Der Traum vom schnellen Geld
10. März 2009Veles, eine Kleinstadt mit 55.000 Einwohnern. Früher war sie das industrielle Herz Jugoslawiens. Doch diese Zeiten sind lange vorbei. Jetzt hat die Stadt einen zweifelhaften Ruf: als Dealer-Metropole Mazedoniens.
Dealen statt Arbeiten
Bei einer Razzia in der Stadt, die mit einer Spezialeinheit der Hauptstadtpolizei in Skopje durchgeführt wurde, wurden fünf mutmaßliche Dealer festgenommen. Die Polizei beschlagnahmte Drogen, Waffen, Geld und die teuren Autos der Männer. Die Nummernschilder bestätigten den Verdacht, dass die Verhafteten zur "Frankfurt Mafia" gehören, einem Netzwerk, das Heroin und seit neuestem auch Kokain an Süchtige in Deutschland verkauft.
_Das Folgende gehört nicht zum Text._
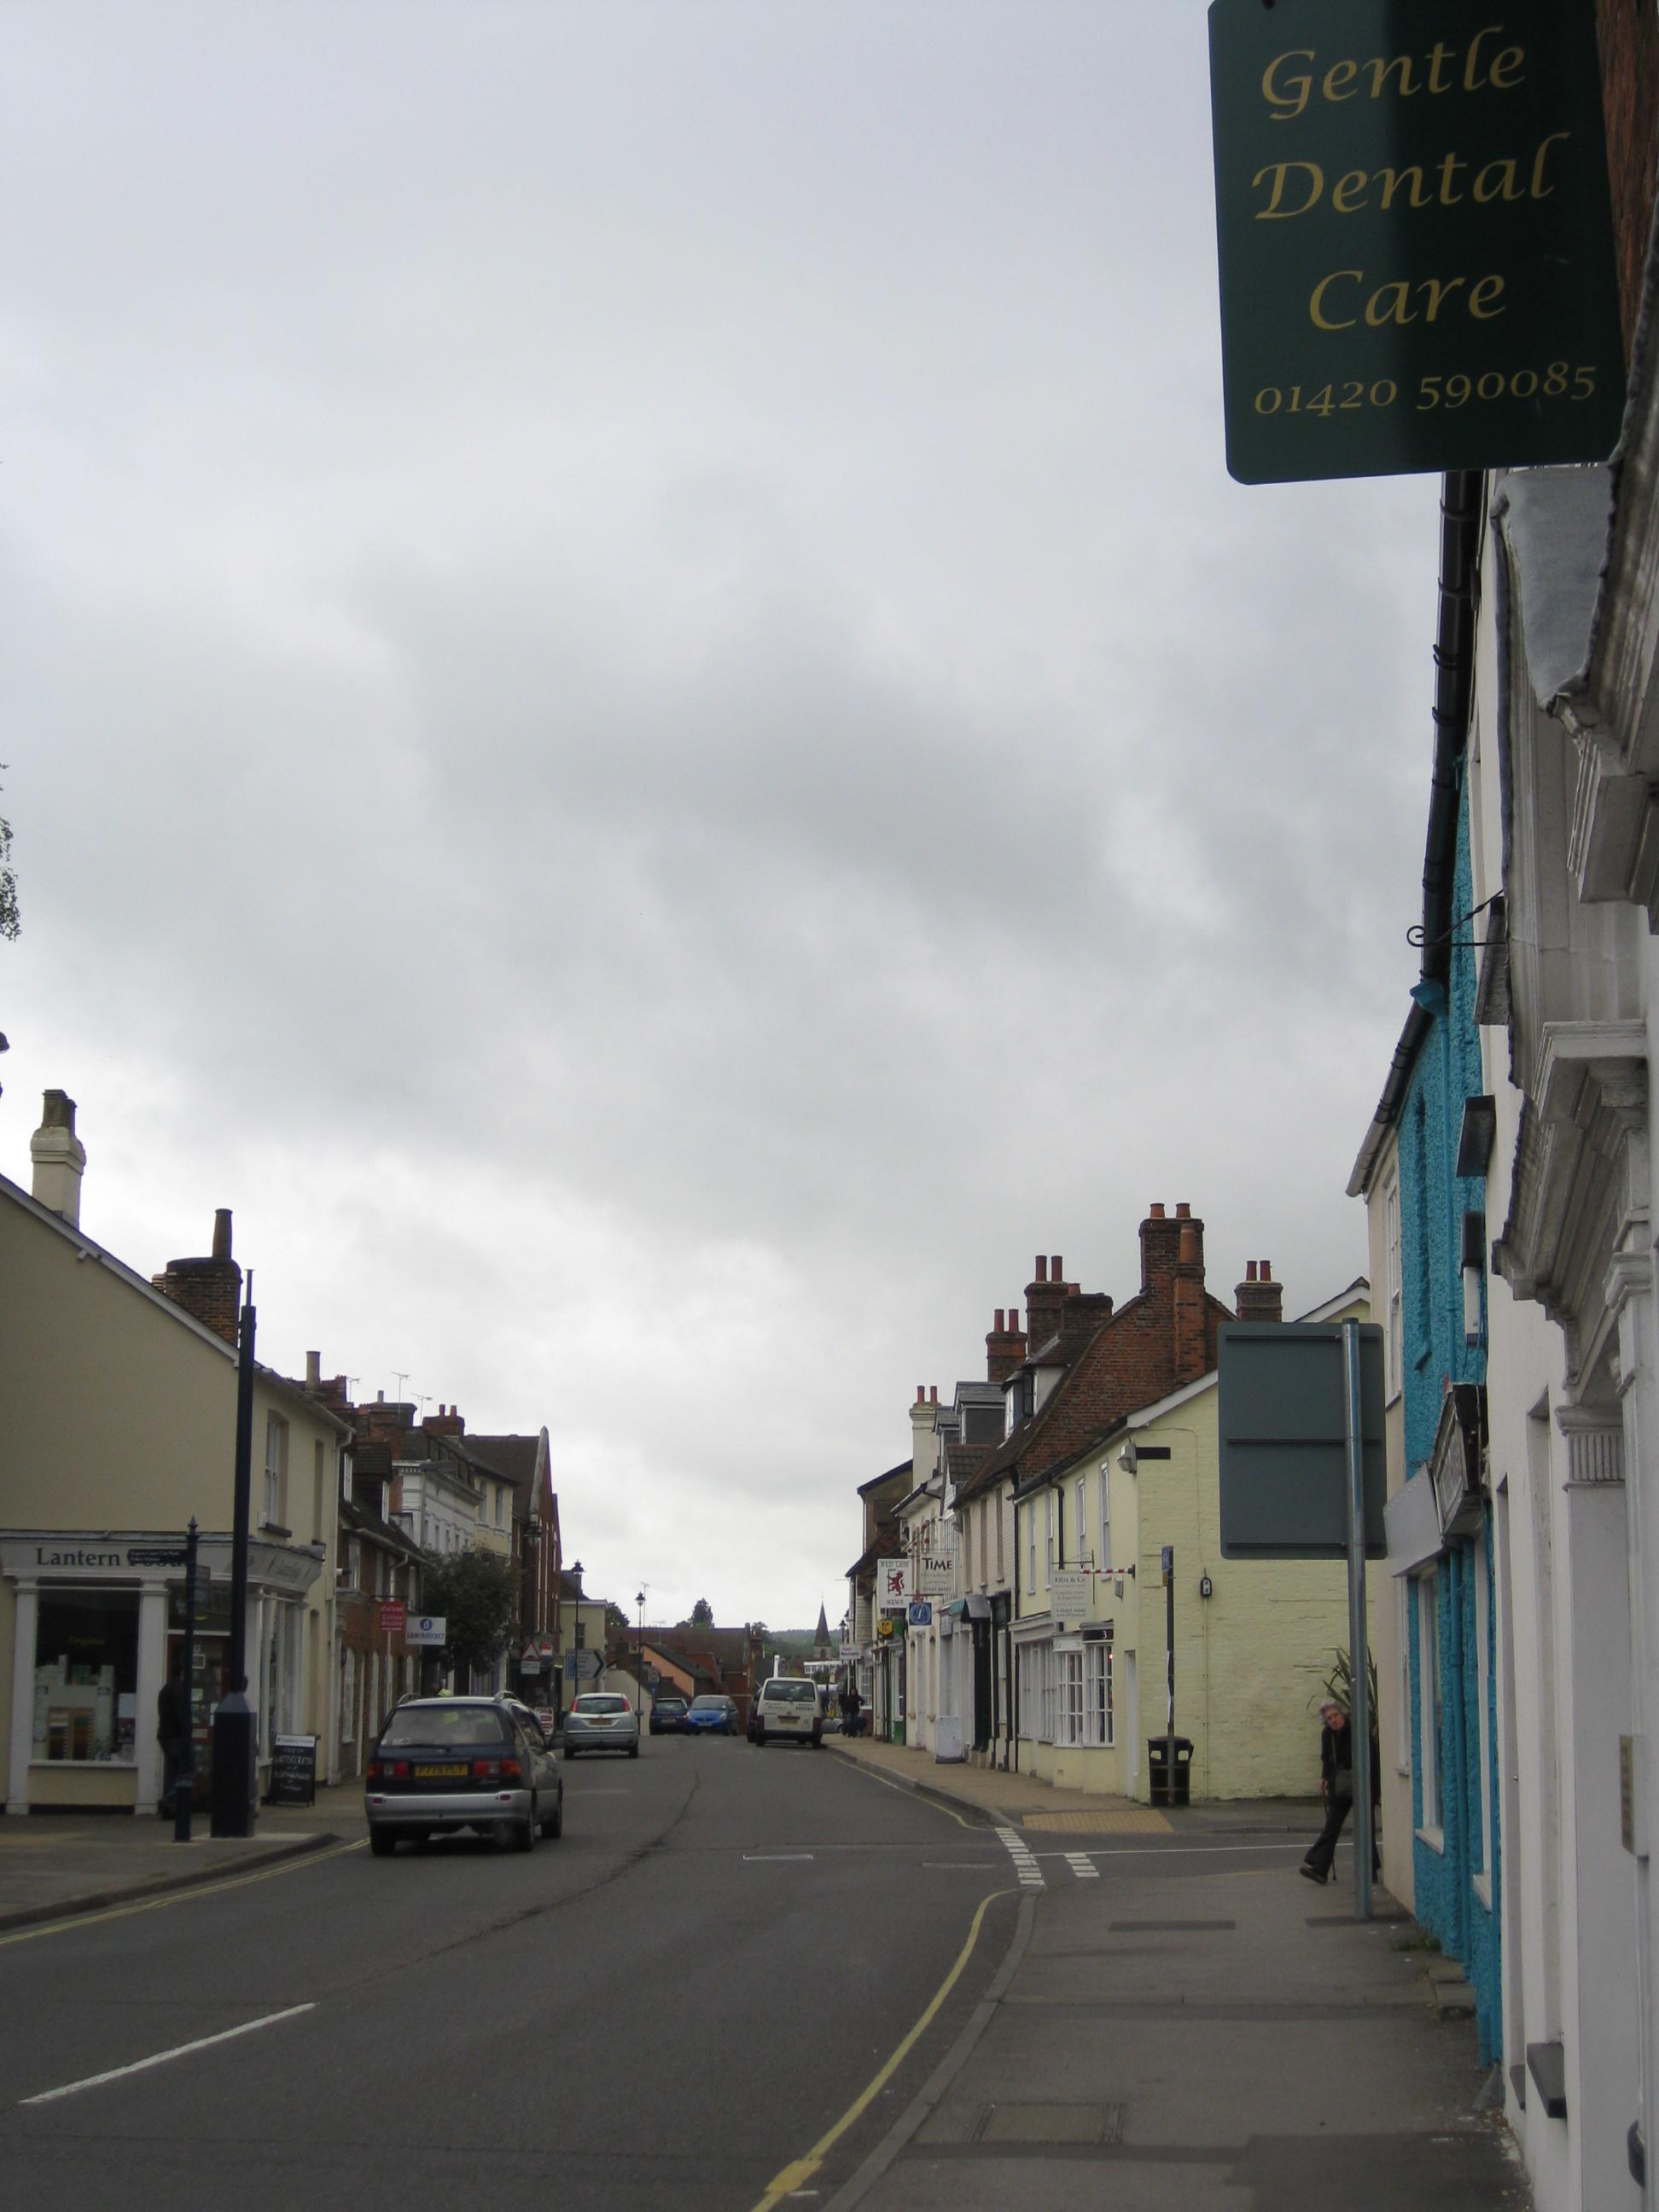 Alton High Street

Mittlerweile geht ein Großteil des Stoffs auch nach Österreich: In Wien lässt sich das Gramm Heroin doppelt so teuer verkaufen wie in Frankfurt.
Nachschub und Verkauf sind fest in mazedonischer Hand - und viele der Dealer kommen aus Veles. Das hänge mit der Arbeitslosigkeit zusammen, erklärt der Polizist Radomir Karakachanov. "Für diese Leute ist es eine einfache Art, sich ihren Lebensunterhalt zu verdienen." Sein Kollege Igor Trajkovski ergänzt, dass es inoffiziell in Veles 400 Leute gebe, die in den Drogenhandel verstrickt seien. Aber diese Zahl sei noch nicht offiziell.
Vom bescheidenen Wohlstand zu 50 Prozent Arbeitslosenquote
Es ist wie ein Spinnennetz: Die Bosse sitzen im Ausland, in Mazedonien selbst rekrutieren junge Männer ihre Freunde. Das schnelle Geld lockt. Der Soziologie-Professor Ljube Luchkov nennt sie "Missbrauchte und Verführte". "In unserer Stadt hat ehrliche Arbeit keinen Wert mehr. Alles, was zählt, ist, über Nacht reich zu werden", erklärt er.
Früher ist in Veles niemand über Nacht reich geworden. Es gab bescheidenen Wohlstand durch harte Arbeit in Porzellan- oder Textilfabriken. Ein Metall verarbeitender Betrieb beschäftigte mehr als 2000 Menschen. Doch diese Zeiten sind vorbei: Nach dem Zerfall Jugoslawiens schlossen sieben große Fabriken. Heute liegt die Arbeitslosigkeit bei 50 Prozent. Das sei selbst für mazedonische Verhältnisse ein trauriger Spitzenwert, sagt Sashko Ristovski von der Kommunalverwaltung. 80 Prozent der Arbeitslosen seien ungelernte Arbeiter ohne Schulabschluss.
Ohne Hoffnung, ohne Perspektive
Zwar hat die Stadt ein neues Gewerbegebiet auf die grüne Wiese gesetzt. Doch das konnte bislang weder ausländische Investoren locken noch einheimische Unternehmer zur Schaffung neuer Jobs bewegen. Die Stimmung in Veles ist düster.
Solange die Arbeitslosenzahlen so hoch sind und es keine Perspektive für die Jugendlichen gibt, haben die Drogenbosse mit ihren Versprechungen vom schnellen Geld leichtes Spiel.